Streamline Without Sacrifice -- Squeeze out Computation Redundancy in LMM

TL;DR

This paper reveals computation-level redundancy in vision tokens within decoder-only large multimodal models and proposes ProxyV, a method that uses a small set of proxy vision tokens to shoulder heavy computations while full vision tokens are updated through lightweight guided modules. By downsampling vision tokens to proxies and propagating information back to full tokens, ProxyV significantly reduces prefilling FLOPs/time with no loss or even gains on several backbones, and a non-spatial variant enables seamless combination with token-reduction approaches. The approach is validated across multiple LLM backbones and benchmarks, showing effectiveness in preserving fine-grained visual understanding while improving efficiency, and it offers a flexible path to combine with existing token-reduction methods. Overall, ProxyV advances practical deployment of LMMs by mitigating computation without sacrificing (and sometimes enhancing) performance, especially on tasks requiring dense visual grounding.

Abstract

Large multimodal models excel in multimodal tasks but face significant computational challenges due to excessive computation on visual tokens. Unlike token reduction methods that focus on token-level redundancy, we identify and study the computation-level redundancy on vision tokens to ensure no information loss. Our key insight is that vision tokens from the pretrained vision encoder do not necessarily require all the heavy operations (e.g., self-attention, FFNs) in decoder-only LMMs and could be processed more lightly with proper designs.
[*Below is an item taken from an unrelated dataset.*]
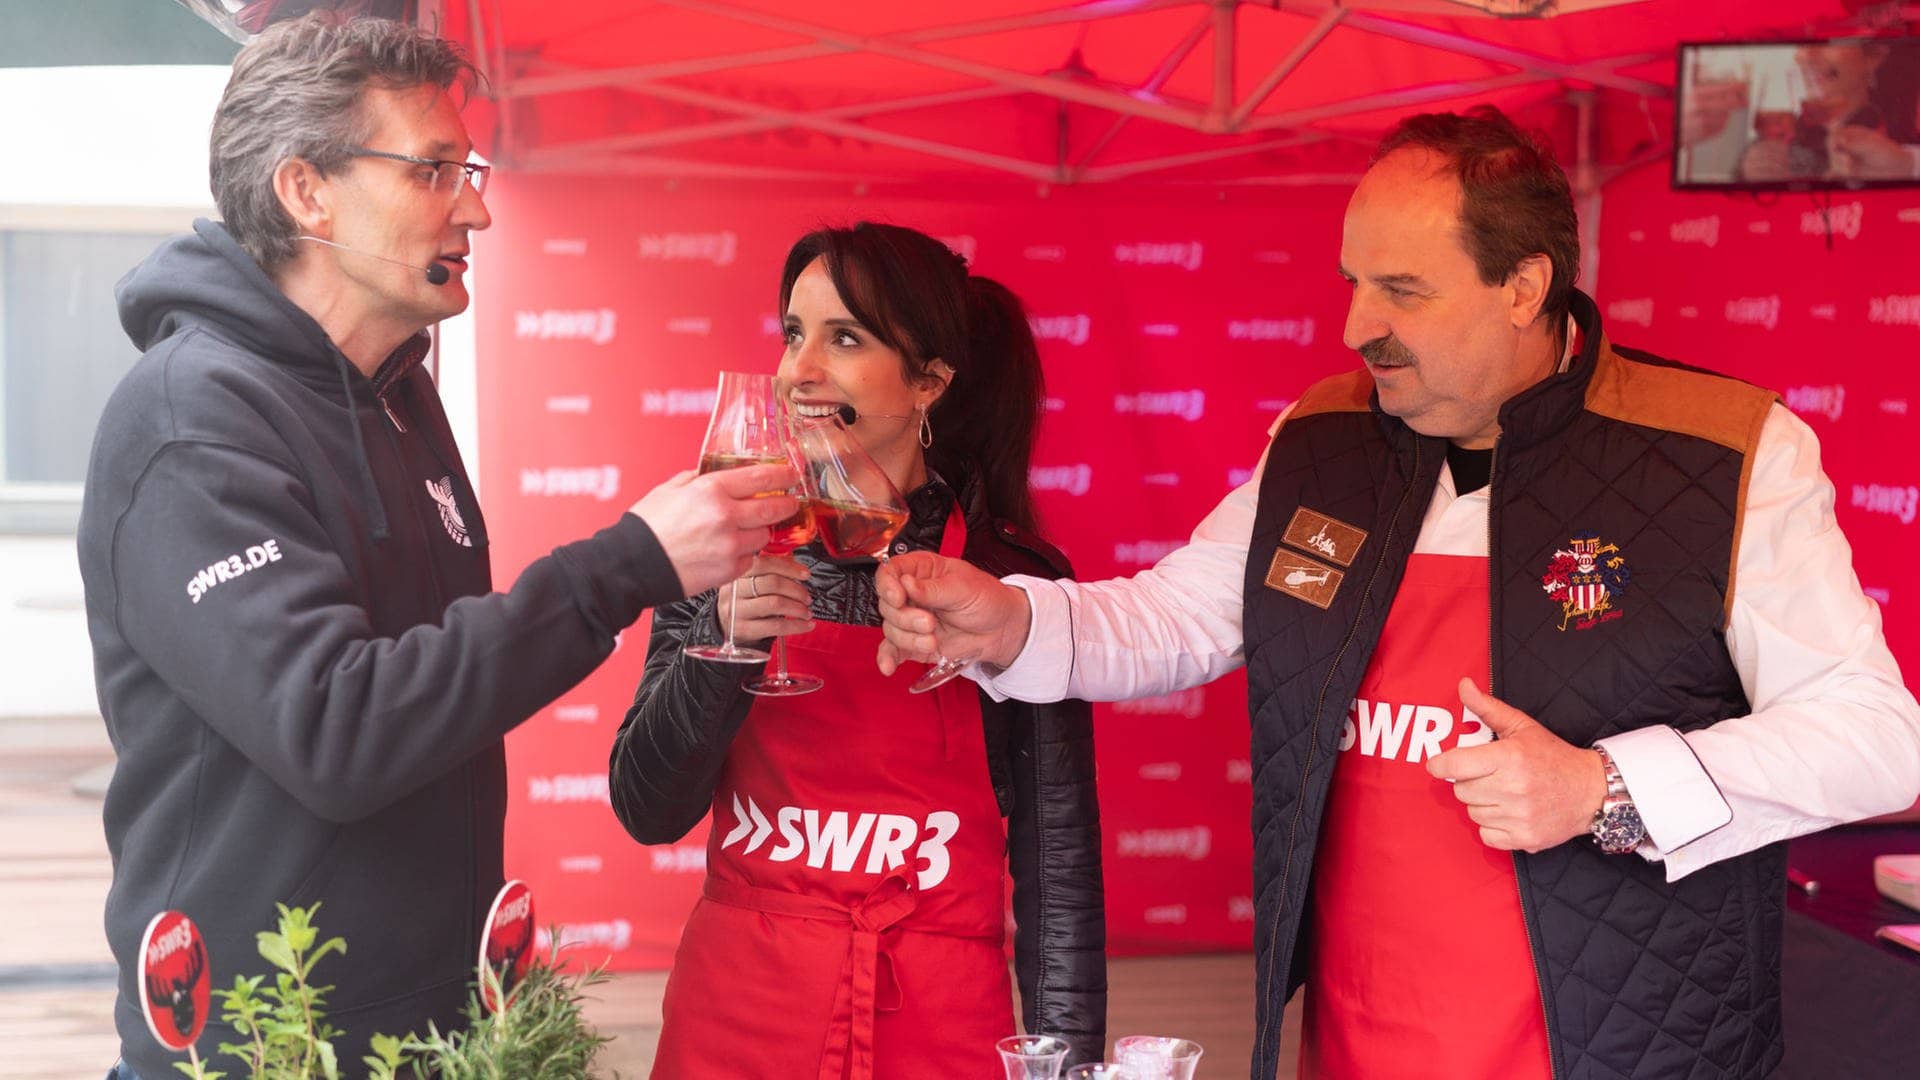 SWR3 Grillparty: Vorspeise (Foto: SWR3)
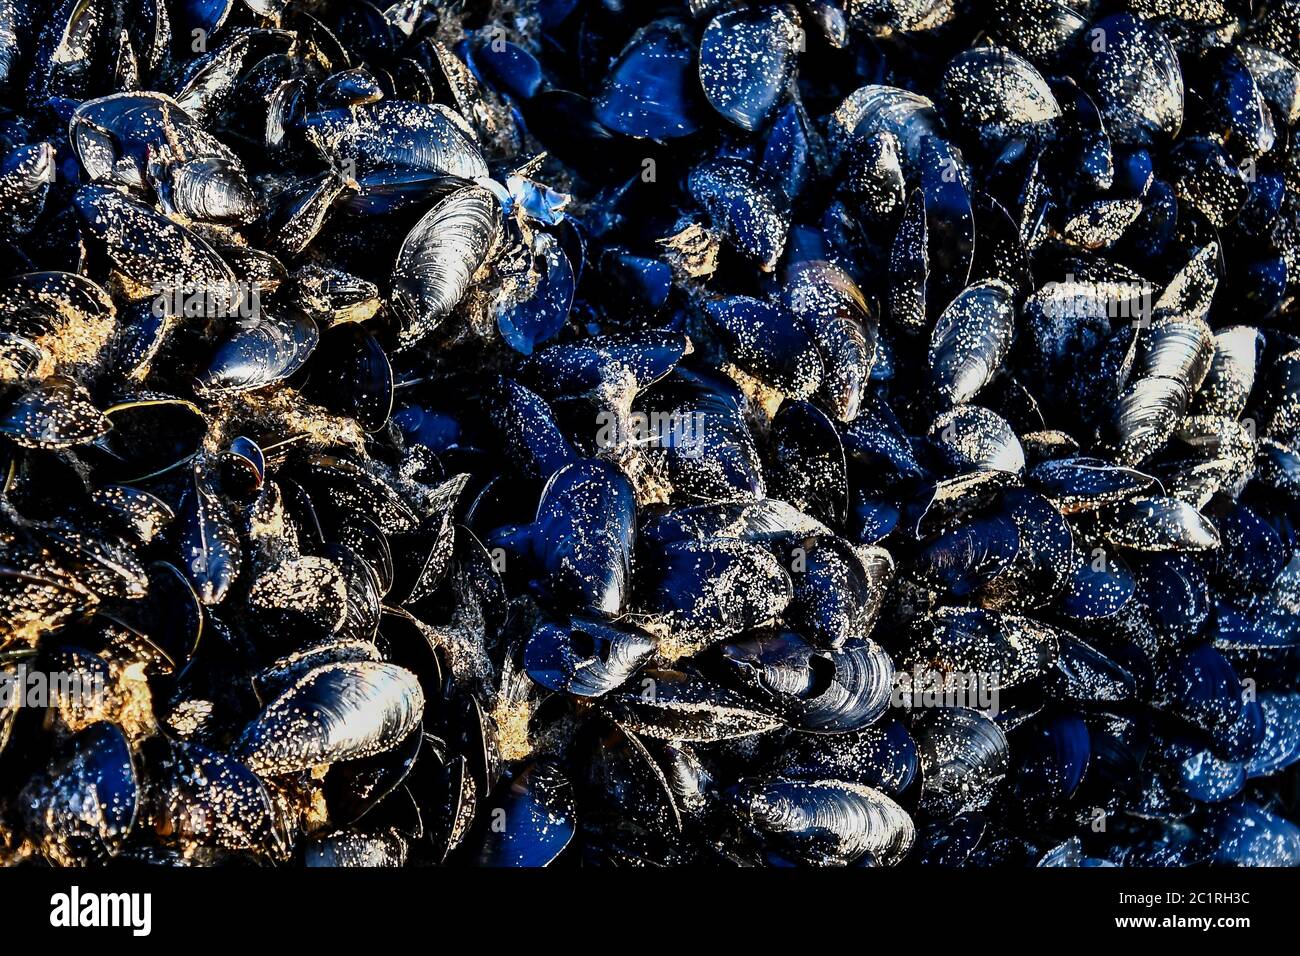 background of mussels, digital photo picture as a background Stock Photo

We designed a series of experiments to discover and progressively squeeze out the vision-related computation redundancy. Based on our findings, we propose ProxyV, a novel approach that utilizes proxy vision tokens to alleviate the computational burden on original vision tokens. ProxyV enhances efficiency without compromising performance and can even yield notable performance gains in scenarios with more moderate efficiency improvements. Furthermore, the flexibility of ProxyV is demonstrated through its combination with token reduction methods to boost efficiency further. The code will be made public at this https://github.com/penghao-wu/ProxyV URL.

Paper Structure

This paper contains 13 sections, 5 figures, 10 tables.

Figures (5)

  • Figure 1: ProxyV retains or increases the fine-grained benchmark performance while effectively reducing the computational cost. ProxyV-L12 and ProxyV-L16 denote applying ProxyV from layers 12 and 16, respectively.
  • Figure 2: The relative $\rm{Score_{fine}}$ with different vision attention masking ratios for different LLMs. The computation redundancy begins in the middle to rear part of the LLMs as masking the vision attention does not affect the performance.
  • Figure 3: Left: the vanilla LMM structure where full vision tokens cause significant computation. Right: the overall pipeline of the proposed ProxyV algorithm. The full vision tokens are first downsampled to obtain a much smaller version that works as proxy vision tokens. The proxy vision tokens participate in the original operations in the decoder layer including the self-attention and the FFNs to obtain useful information at a much lower cost. After this, each original vision token is guided by its spatially corresponding proxy vision token for an update through a lightweight MLP.
  • Figure 4: The illustration of the non-spatial ProxyV. Upper part: proxy vision tokens are generated as a weighted combination of full vision tokens through a simple attention operation. Lower part: The previous attention score is reused to splat the proxy vision tokens into guidance for the full vision tokens update. The softmax operations are skipped in the figure.
  • Figure 5: Cases where token reduction methods fail. Left: Token reduction methods fail to extract the complete dense information accurately. Right: Token reduction methods fail to retain critical visual information when the image contains diverse and dense visual details. In these cases, ProxyV retains all the visual information and successfully extracts the important visual details.